# Where to buy metal stakes for windsocks?



## Ty (Mar 11, 2004)

Am thinking that metal stakes will work better on the windsocks I am making. I am also going to grommet them. Anyone know any places where I can buy this stuff cheap? Went to Menards and home depot and all they had was steel stakes and they are expensive.

If not metal where can i find a supplier for wooden hardwood stakes?


----------



## Hoggr (May 28, 2002)

call your local welding shop. They can point you in the right direction I just ordered some more 3/16" stainless in 12' lengths for 3.44 each


----------



## J.D. (Oct 14, 2002)

Ty - if your going with metal stakes steel is the only way to go. Aluminum bends way too easily.....
Dan - I sent you a p.m. :beer:


----------



## Ty (Mar 11, 2004)

cool ill go with that then.
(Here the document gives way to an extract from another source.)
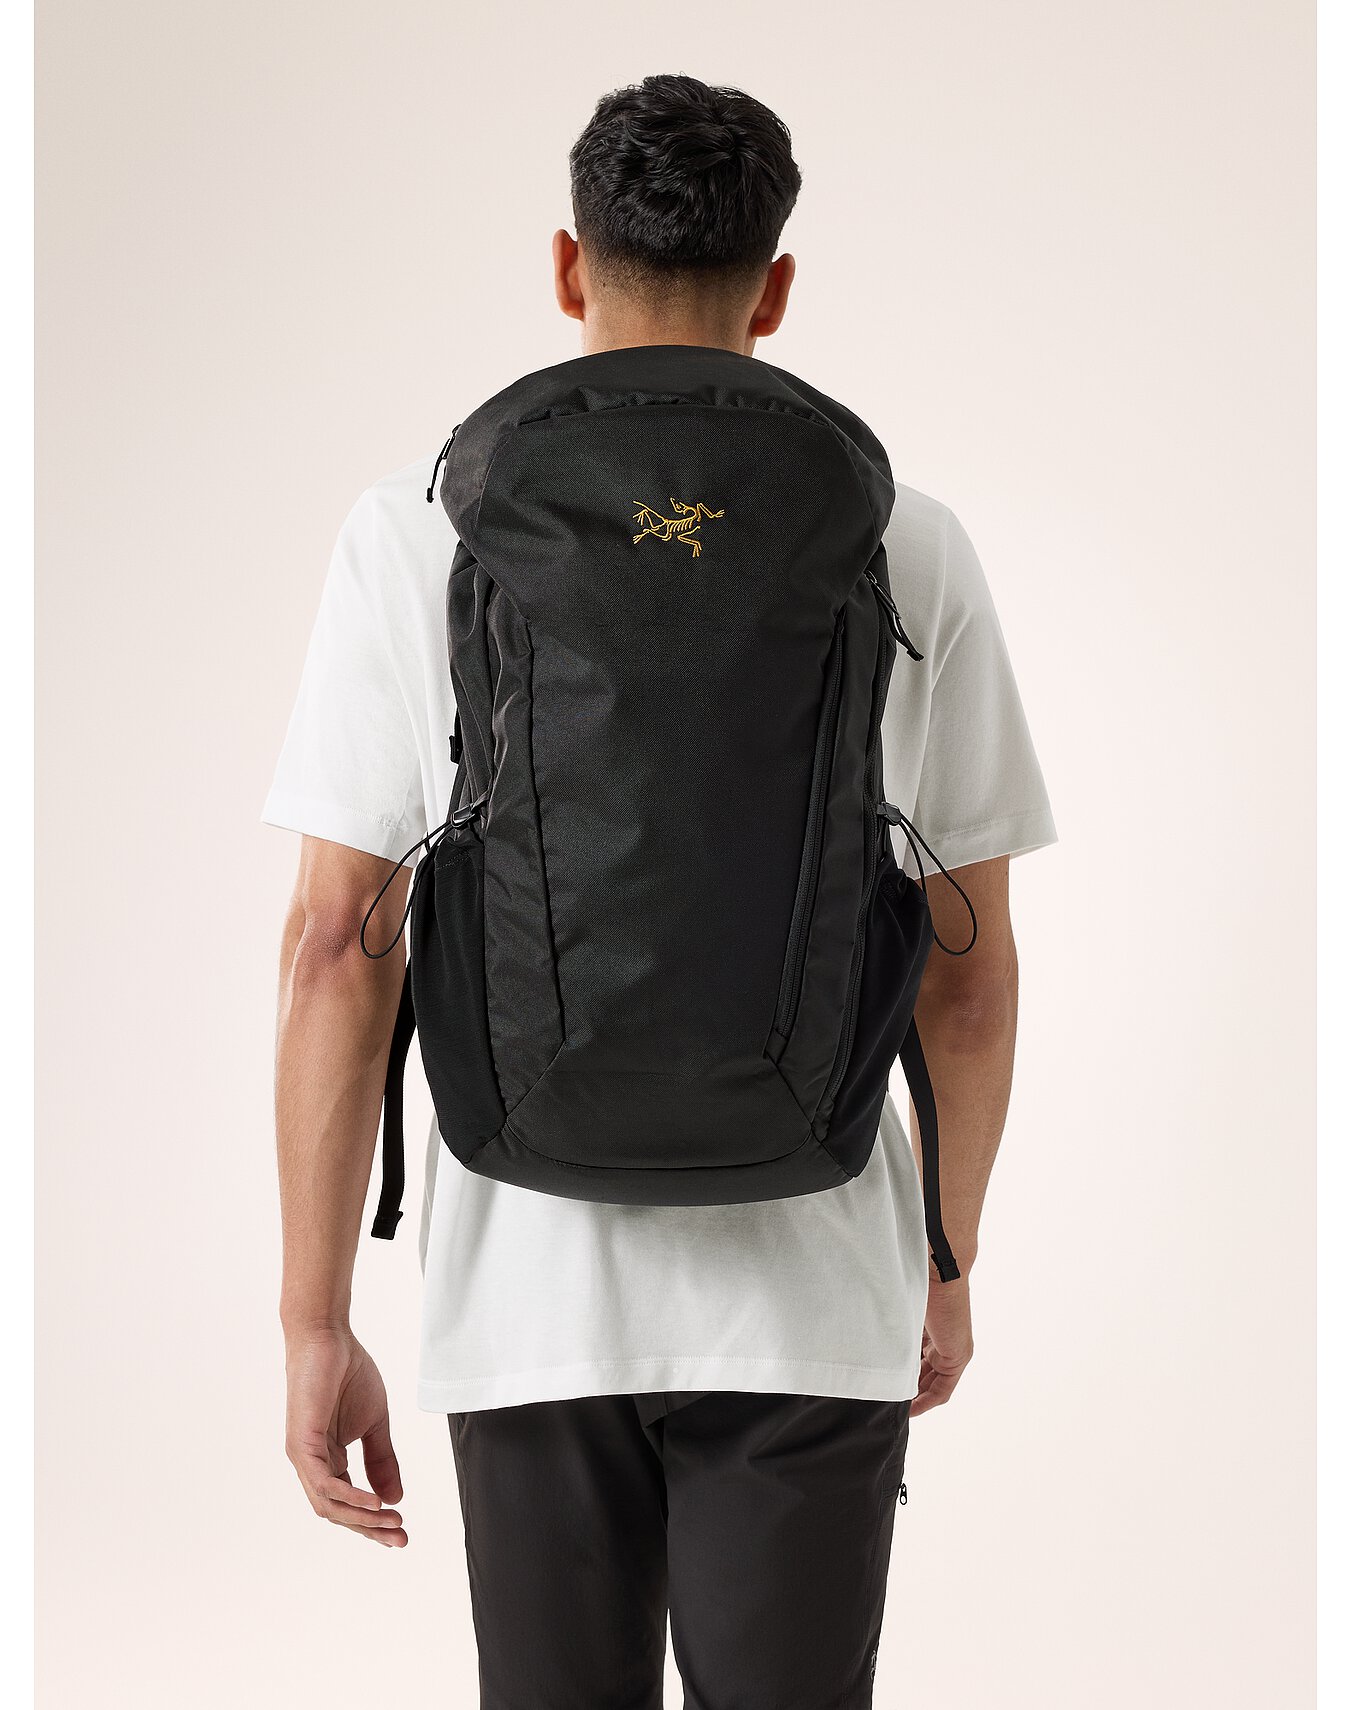 Mantis 30 Backpack | Arc'teryx

Why does everyone on the net want aluminum?


----------



## honkerhntr (Jun 20, 2002)

A few reasons, they are lighter, they do not take much heat to loop the top end, and they take a lot less time to sharpen to a point.

Hope this helps


----------



## brobones (Mar 10, 2004)

If you are heating alum up to bend it your anealing the alum you should be doing the bending without heat in a bender. If your stakes are bending a lot of times it is because you are heating them and with heat you make the alum softer. I cold bend all of my 1/4 alum stakes. Yes 1/4 I have taken a 20 inch stake with the end looped and pounded it in the frozen ground here in Sask with a sledge hammer last Feb. the loop on the end makes the stake very strong with the other end sharpened they go in the frozen ground .. Or you can go with regular steel and not paint them and then have rust markings all over you decoys. Or go with stainless wich is more expensive than alum here in Sask and heavier too. I know there are a lot of guys switching over to alum including Jim Jones he is running 3/16 alum. I went with 1/4 because it is easier to purchase... :beer: 
Bro


----------



## cranebuster (Nov 2, 2004)

Will regular steel work if it is painted, it was 1/3 the cost of stainless and less than half that of aluminum. I was also wondering what you guys do to keep the sock up on a metal stake, I was thinking of welding on a 3/16 i.d. washer and that rules out aluminum for my welding skills.


----------